Limitations of AutoGAN
- According to researchers, the key challenge lies in how to further improve the search algorithm efficiency
- Due to the high instability and hyperparameter sensitivity of GAN training itself, AutoGAN appears to be more challenging than NAS for image classification
- Finding an appropriate metric to evaluate and guide the search process is another difficult task encountered by the researchers
- Despite the preliminary success, the researchers stated that the model needs improvement in future cases
- The current search space of the AutoGAN is limited
- The model is not tested on higher-resolution image synthesis such as ImageNet
Similar Research
Last year, researchers from Rutgers University and Perspecta Labs developed an AutoGAN model which counters adversarial attacks by enhancing the lower-dimensional manifold defined by the training data and by projecting perturbed data points onto it. The approach used a Generative Adversarial Network (GAN) with an autoencoder generator and a discriminator.
Outlook
Introduced by Ian Goodfellow in 2014, GAN or General Adversarial Network is one of the most popular approaches of neural networks.
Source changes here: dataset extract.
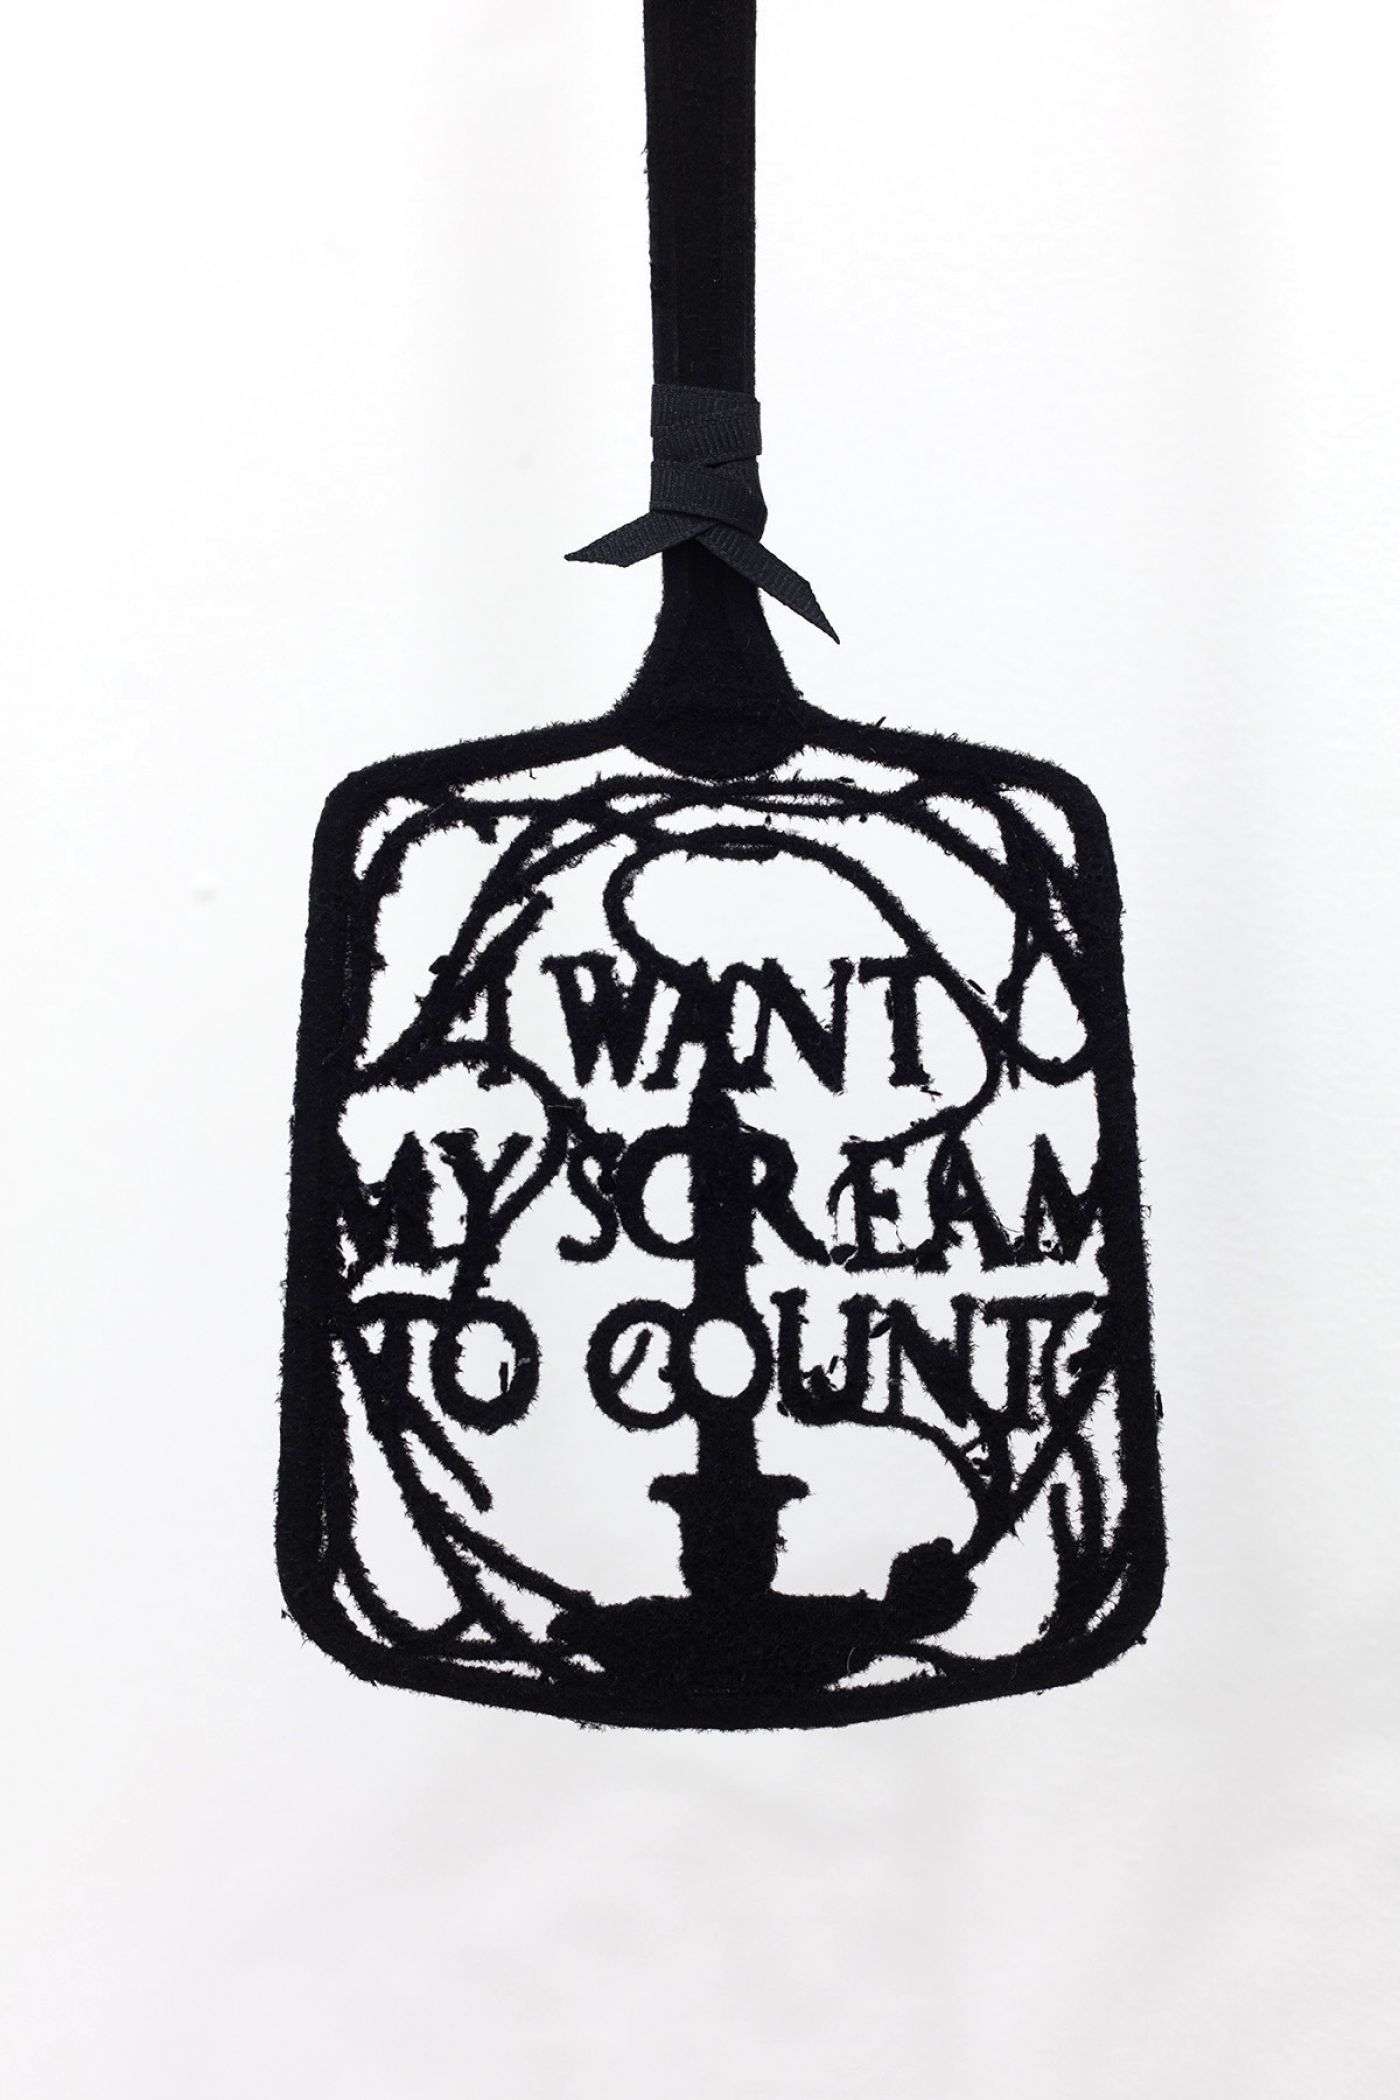 Sydney Shen, I Want My Scream to Count, 2017

There are certain advantages of GAN such as this deep neural network does not require any labelled data while learning the internal representations of the data, generate data which are almost like real data, etc. It has proved to be very good at reconstructing manifolds of natural image datasets in original high-dimensional input spaces. In order to improve the quality of generated images, many researchers have put efforts and proposed several sophisticated neural network architectures.